The Dead End of Reparations

I don’t know about you, but I am about ready to take the ruling-class enthusiasm for “reparations” and put it where the sun don’t shine.

The current push for reparations, I assume, has occurred because Nikole Hannah-Jones’ 1619 Project has jumped from the New York Times to the Hulu streaming service.

And, of course, all of a sudden, California has decided to empower its black politicos to decide how much reparation is enough. Don’t know much about historee, but I think the Latinos of one-time “Alta California” might have a better claim to the loot.

But then, I thought, better check Google Ngram and Google Trends to see how the present Mass Formation Psychosis on reparations has arisen.

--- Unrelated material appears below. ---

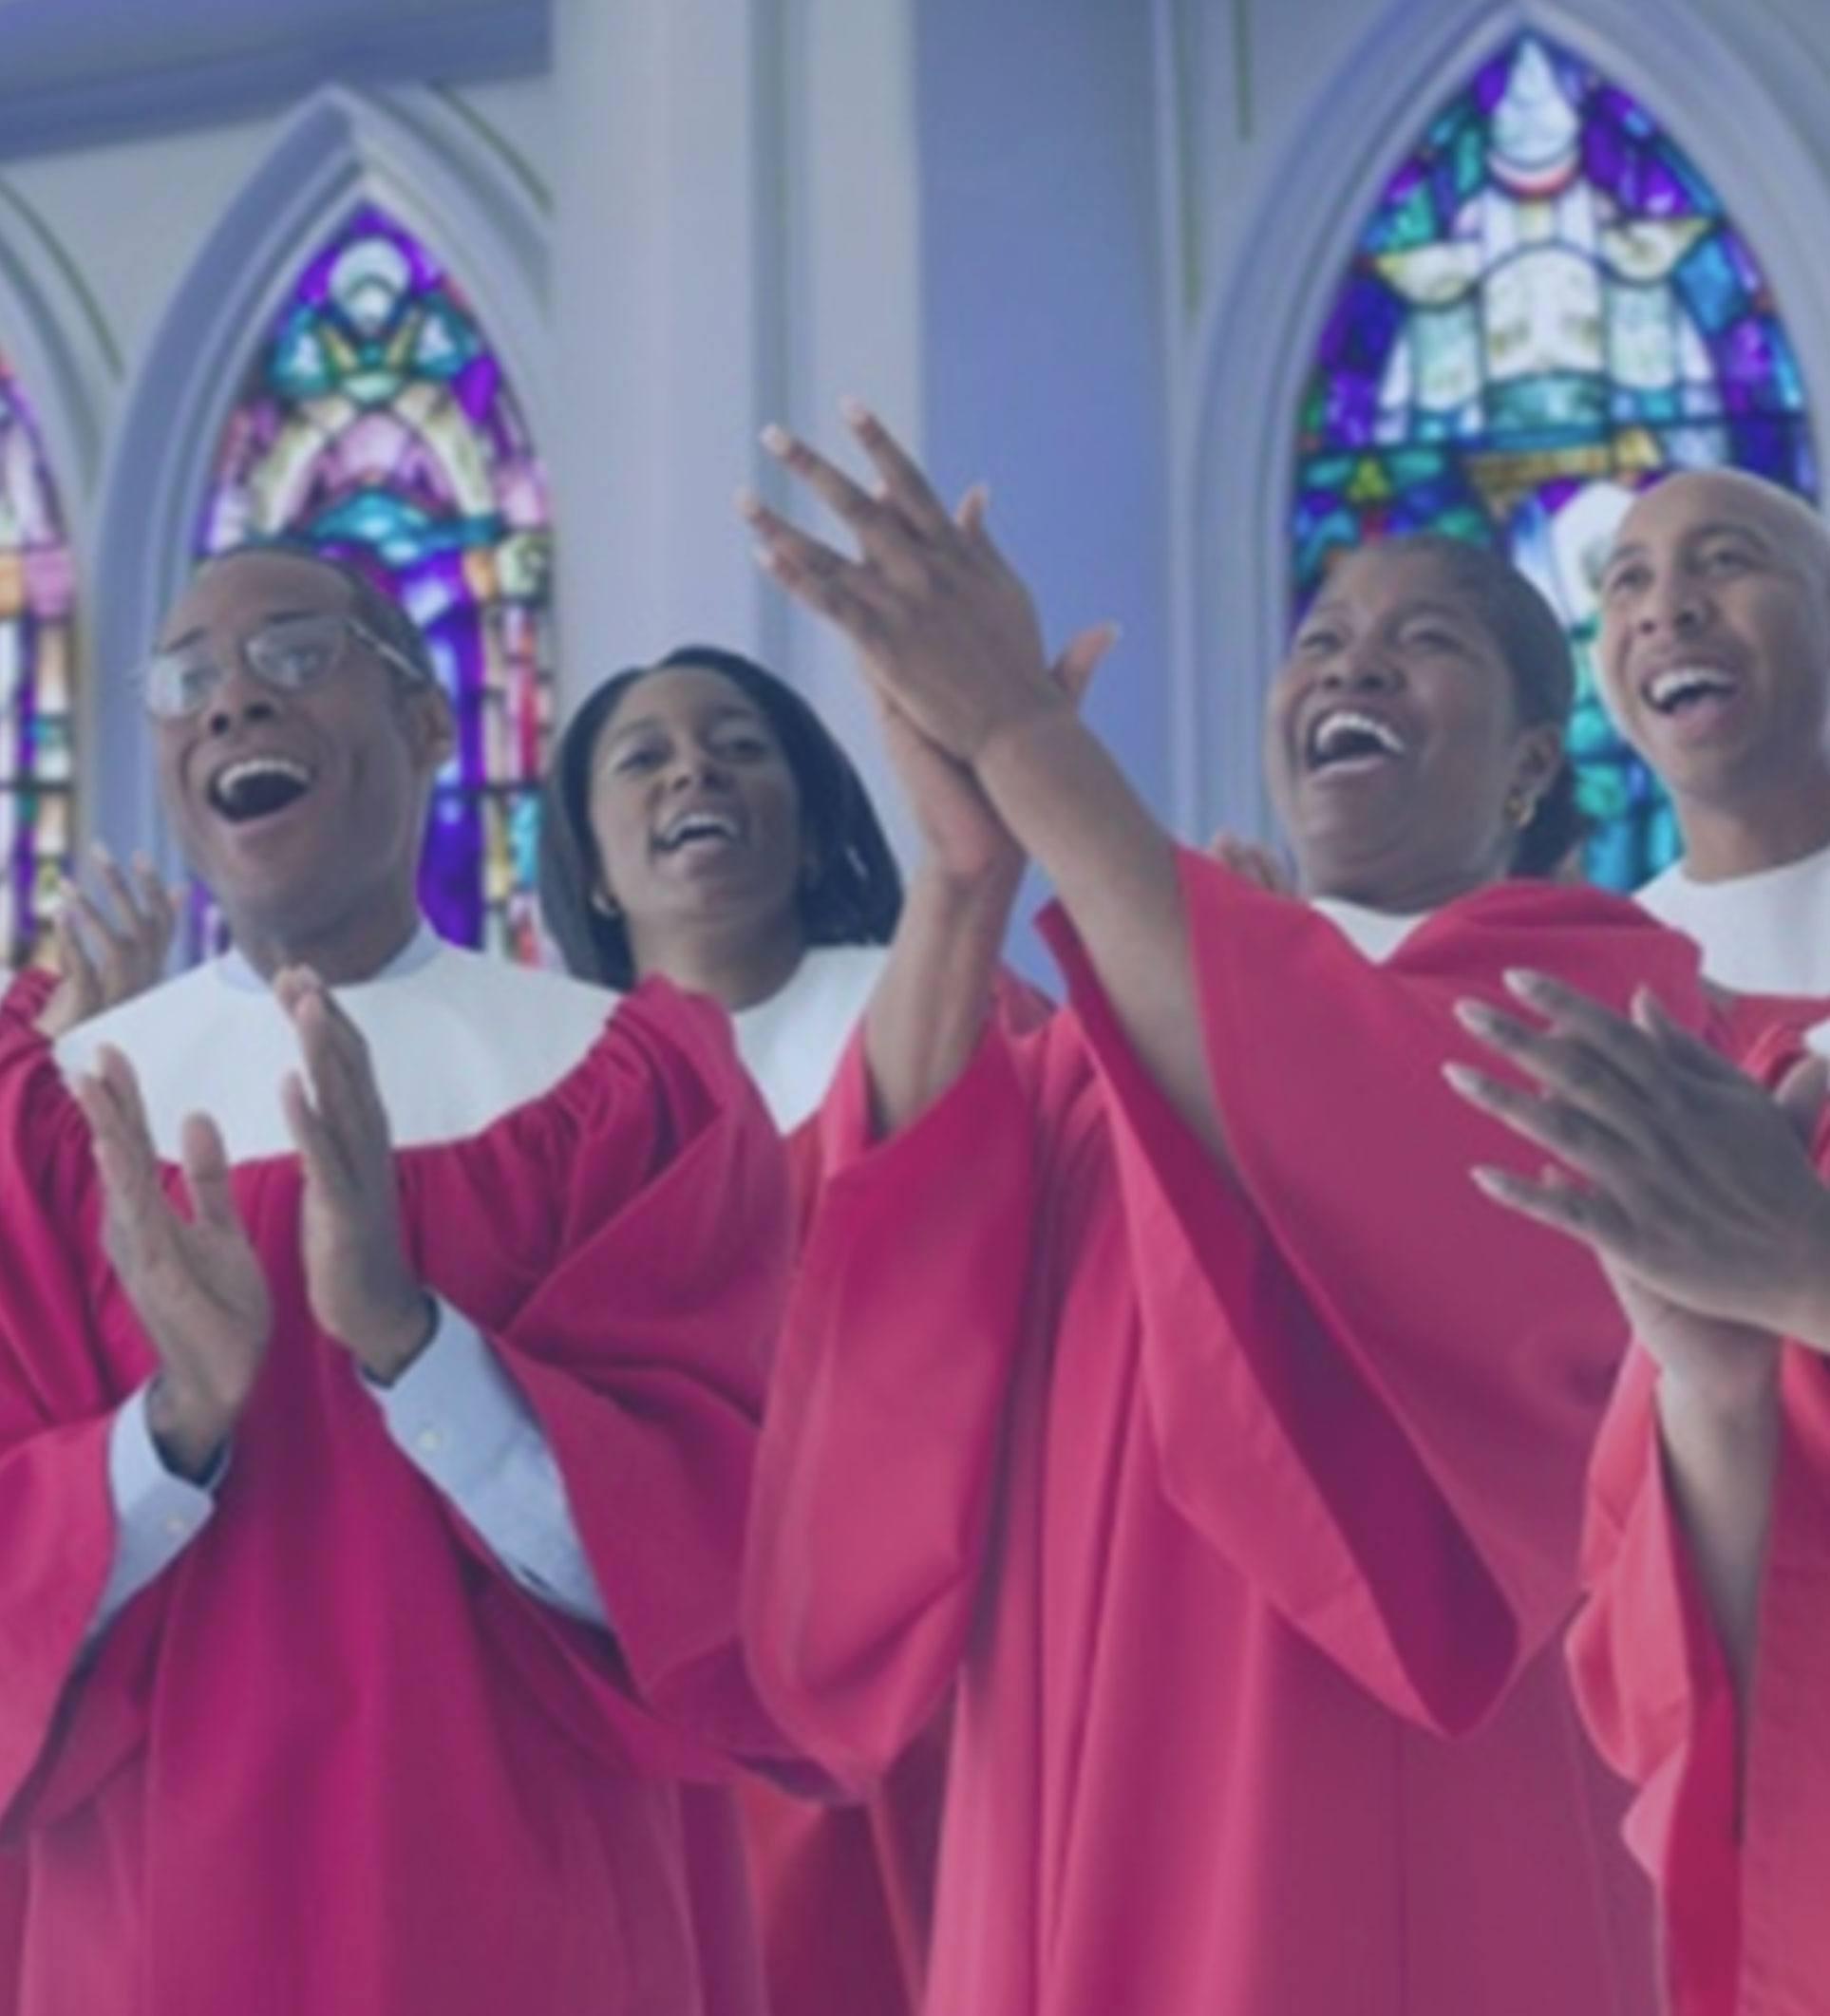 Church Fundraiser Ideas

On Google Ngram, which is about books, “reparations” was going nowhere until a peak in the 1920s. Then it dropped away but shot up again in the 1940s. It is all about German reparations, the brilliant idea of the western powers to Make Germany Pay for World War One. But WWII reparations enthusiasm peaked in 1947. Reading the tea-leaves in books like American Occupation of Germany: Retreat to Victory by Edward N. Peterson, I get the feeling that our fearless leaders realized that, if post-Nazi Germany was going to be sent back to the Stone Age, we Yanks would have to feed it.

On Google Trends, which is about search, “reparations” was going nowhere until June 2019, the month of the virgin birth of the 1619 Project. Then it declined but shot up to a new peak in June 2020, right after the crucifixion of George Floyd. And now it is trending because of Gavin Newsom and the Hulu series.

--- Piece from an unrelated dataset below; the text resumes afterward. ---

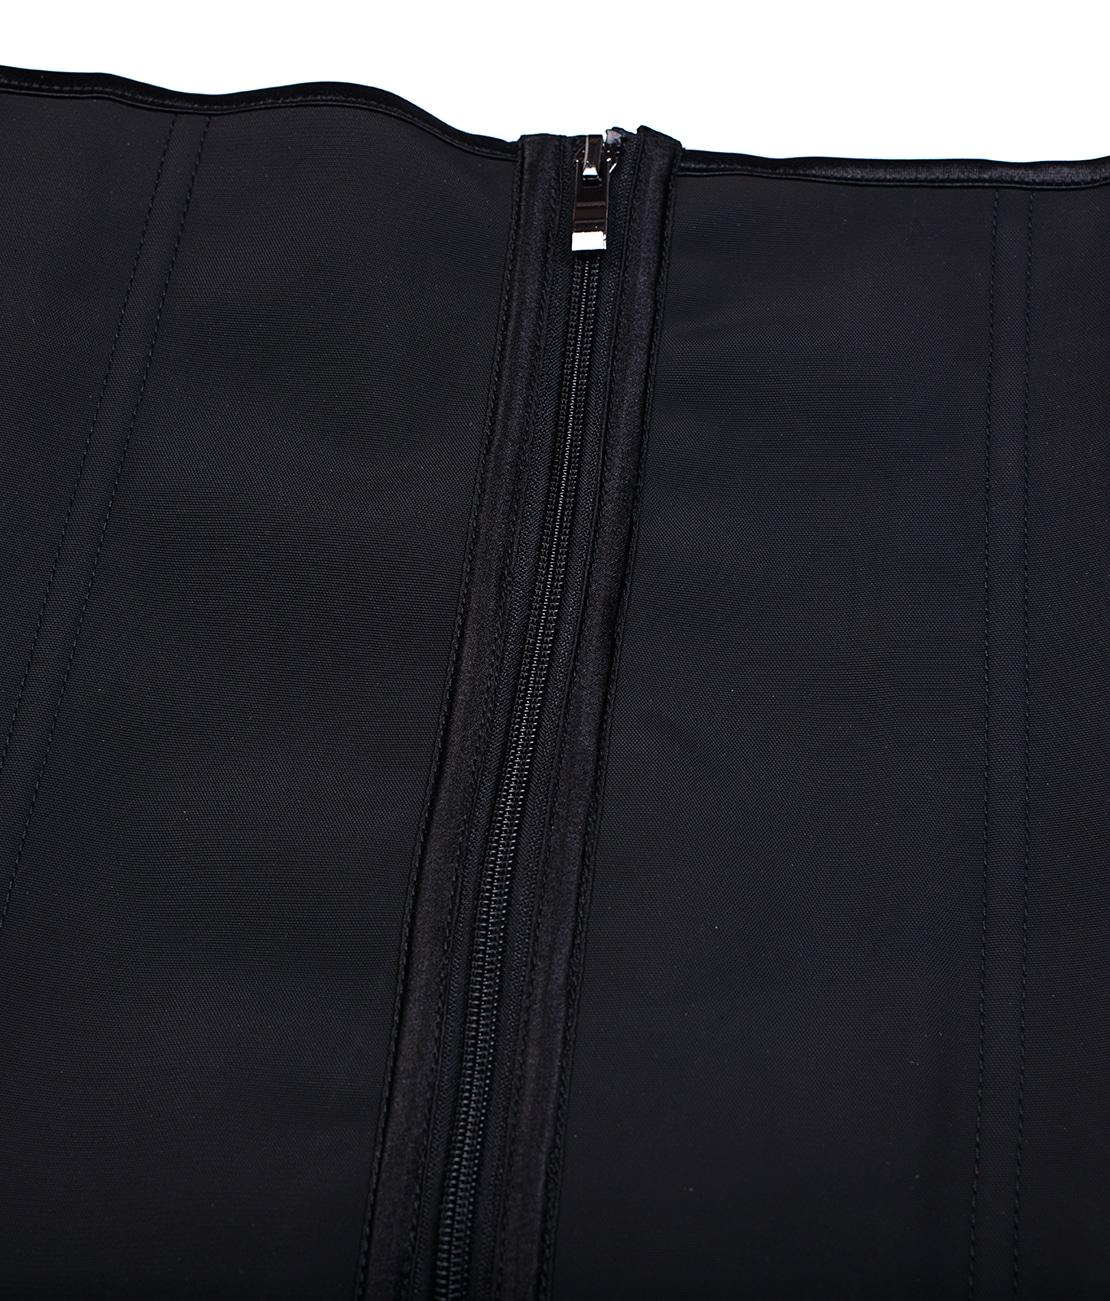 Gaine Minceur Packshot Detail 2

Of course, to me, this fascination with “reparations” is just another confirmation of my idea that the left is a Great Reaction, a political lurch back to the primitive. “Revenge” and “Reparations” belong to stateless tribal societies where there is no legal system backed up by the state to enforce justice. How do tribal societies prevent escalation of blood feuds into general warfare? According to Francis Fukuyama in The Origins of Political Order, stateless tribes tried to resolve blood feuds with a culture of revenge, arbitration, and monetary damages — called Wergeld by the Germanic tribes. But in our day, we have the glorious legal system and lawyers, backed up by government force, to assess damages and enforce payment without the intervention of the male relatives of the victim.

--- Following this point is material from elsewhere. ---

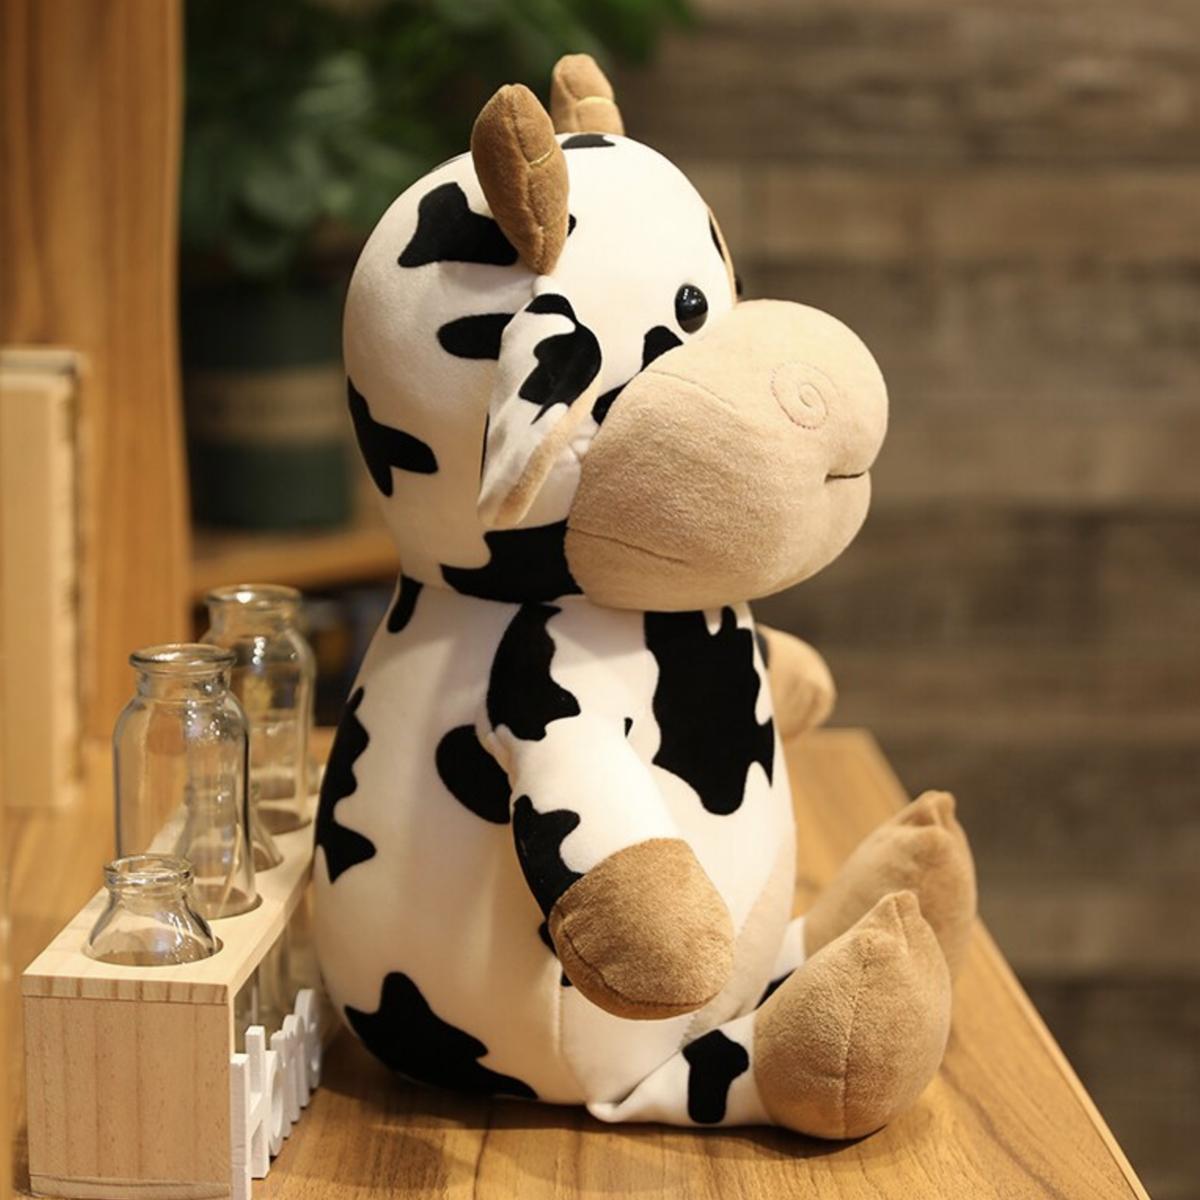 Stuffed Cow Plush Toy

I want to say that “this is not that hard,” but in fact it is hard. Americans do not learn about the history of law and the state and justice in public school, nor in college. If you want to educate yourself so you can write what I have written here, you have to read the books and ignore the union teachers and the woke professors and tread where cupcakes fear to tread, outside the Overton Window.

But why, you ask? Why, a century and a half after the abolition of slavery, and fifty years after the abolition of racial discrimination, why is the New York Times poisoning us with a reactionary movement for “reparations?” What is the point?